Event-by-event training tips that pay off fast
Deadlift: brace and build a strong start
- Train your hinge twice per week: one heavy day, one moderate day
- Use pauses below the knee to build control if you lose position
- Strengthen grip with farmer carries and dead hangs
Standing power throw: treat it like a skill
- Do small sets of throws with full rest, 2-3 days per week
- Pair throws with jumps or swings to build hip snap
- Film 2-3 throws and check timing, not just effort
Hand-release push-ups: win with pacing
- Practice at test cadence once per week
- Build volume with sub-max sets on a second day
- Keep your trunk tight so your hips don’t sag
Sprint-drag-carry: train transitions under fatigue
- Practice the order and turns, not just the sprint
- Train loaded drags and carries year-round
- Do short, hard intervals and rest enough to keep quality
Plank: build time without grinding every set
- Use intervals most of the time, not max attempts
- Train lateral trunk strength with side planks
- Stop when your low back takes over
Two-mile run: pace beats pride
- Run one quality session per week (intervals or tempo)
- Add one easy run or brisk walk for aerobic base
- Practice even splits, not a fast first mile and a crash
If you like practical running workouts and pacing advice, Runner’s World training articles can give you extra session ideas without needing a coach.
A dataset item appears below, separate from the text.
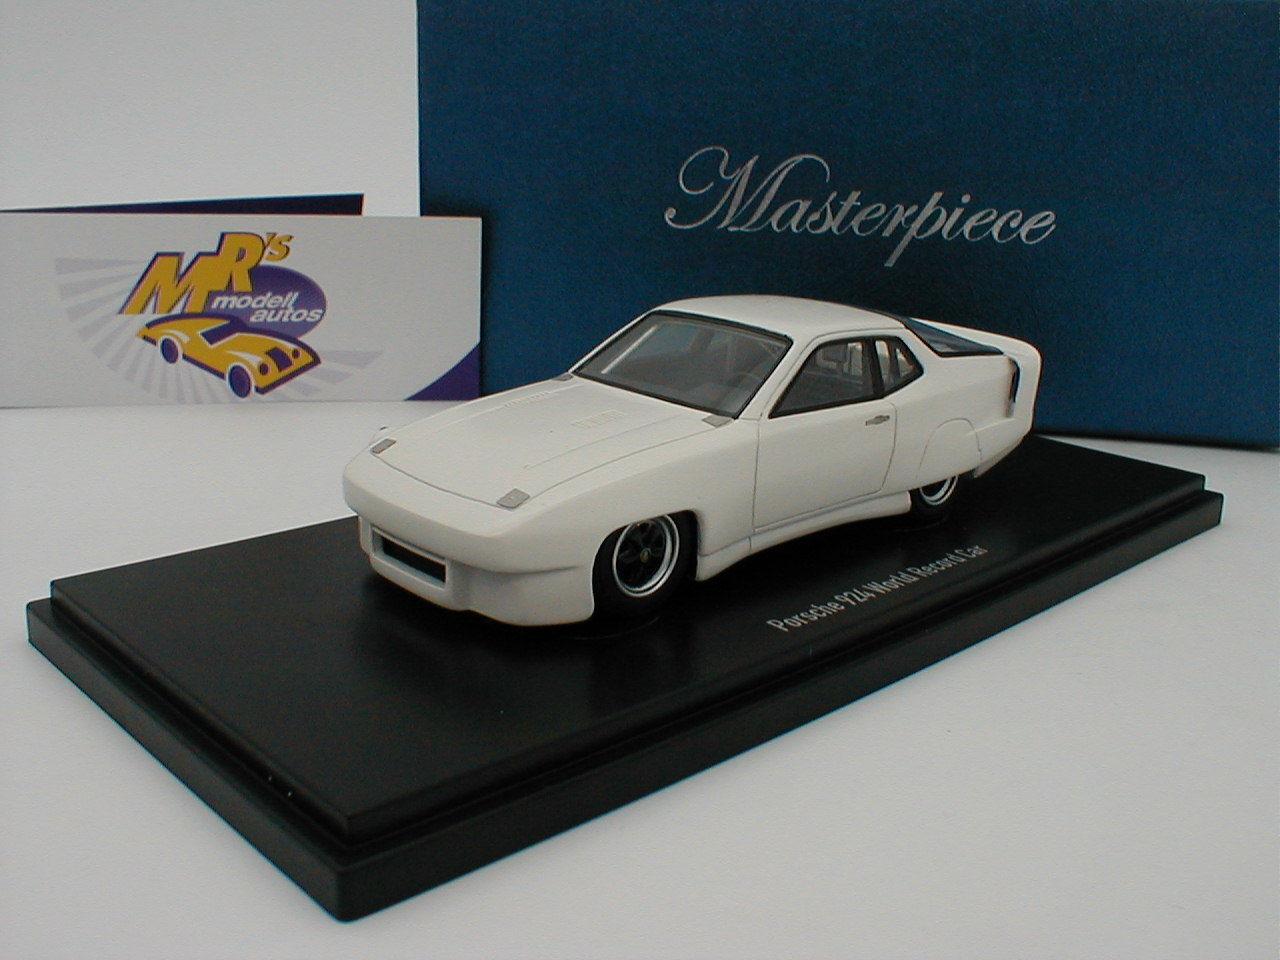 Autocult Masterpiece 90072-Porsche 924 World Record Car Predotye in White 1 43
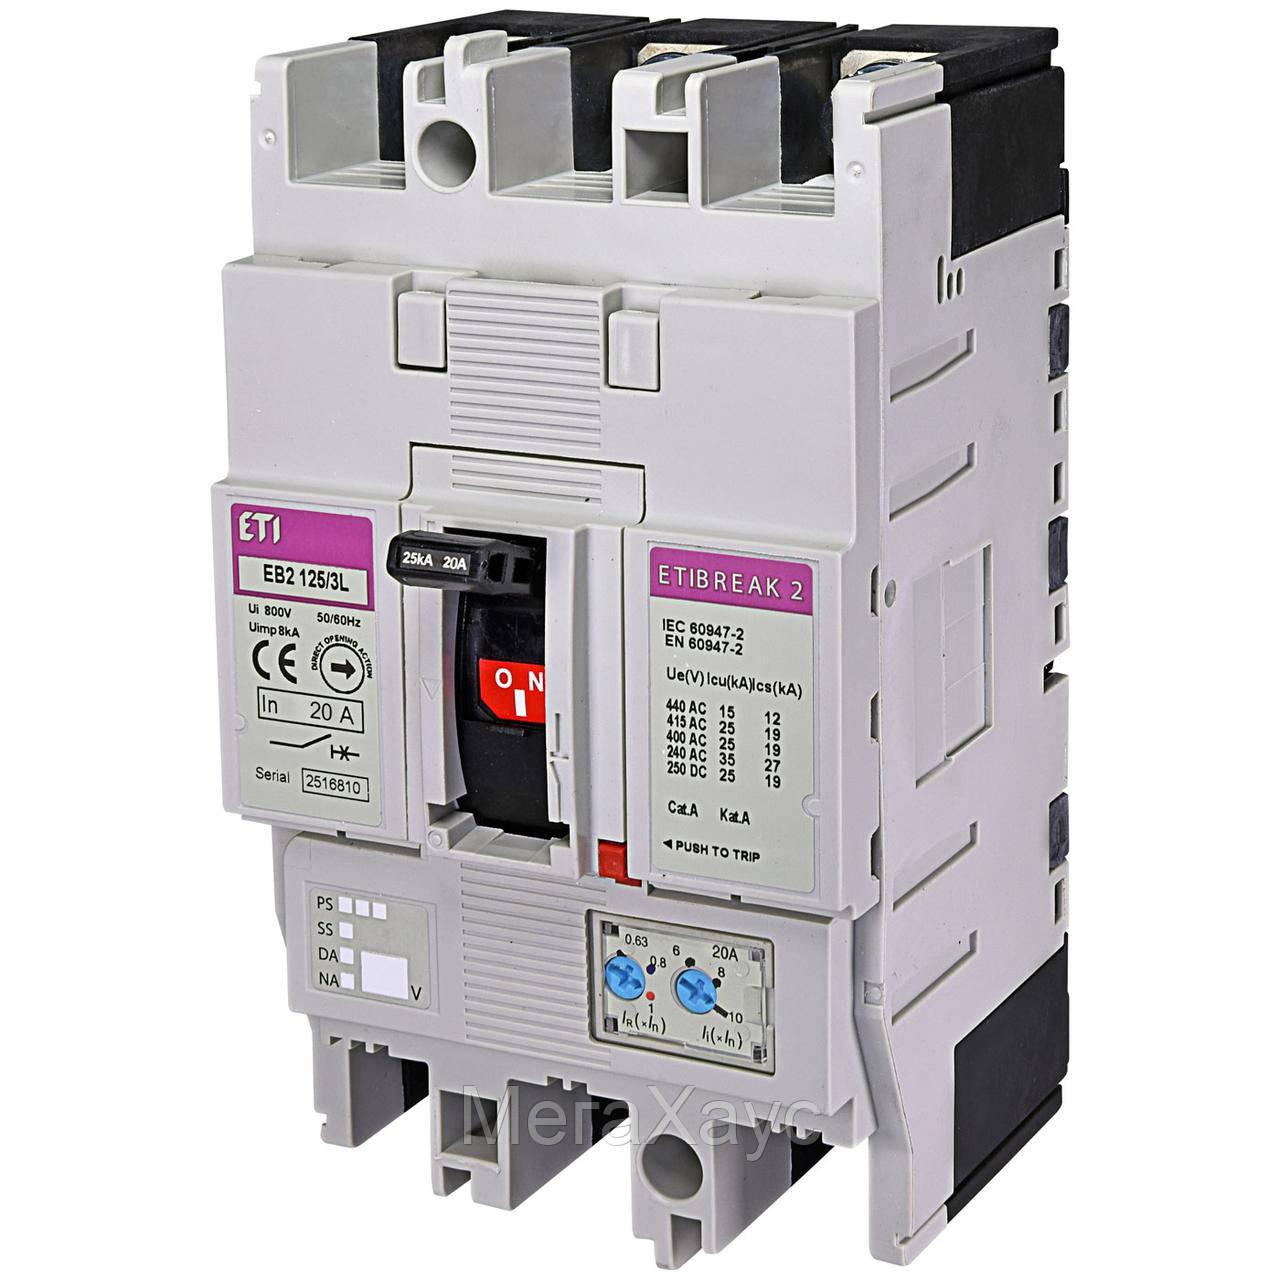 Промышленный автоматический выключатель ETI ETIBREAK EB2 125/3L 20А 3р (25кА)

Common mistakes that hurt ACFT scores
- Maxing out every week: you can’t recover, and your form breaks
- Only running: your deadlift and sprint-drag-carry stall
- Only lifting: your two-mile run becomes a panic event
- Skipping event practice: you lose free points on timing and transitions
- Training hard, sleeping poorly: fatigue shows up as slow times and missed reps
How to scale this plan for your level and equipment
If you’re new to training
- Start with 3 days per week for two weeks, then move to 4 days
- Keep the deadlift light enough to hold perfect form
- Use walking intervals instead of continuous running
If you already lift but your run lags
- Add an easy run or brisk 30-40 minute walk on a rest day
- Keep one interval day and one tempo day every two weeks
- Don’t turn every run into a race
If you don’t have ACFT equipment
- No trap bar: use barbell deadlifts, kettlebell deadlifts, or heavy sandbag lifts
- No sled: drag a tire, do hill sprints, or do heavy step-ups
- No medicine ball: use a sandbag toss if safe, plus jumps and swings for power
Where to start this week
Pick your four training days, then do two things: practice the sprint-drag-carry pattern once, and do a controlled deadlift session with clean reps. That alone puts structure behind your ACFT training plan.
After your first week, write down three numbers: your best plank time, your push-ups in two minutes, and a recent two-mile time or estimate. Track them weekly. Small gains add up fast when you train with intent.
If you stay consistent for eight weeks, you won’t just feel fitter. You’ll know exactly what test day will feel like, and you’ll have a plan for how to attack each event when it counts.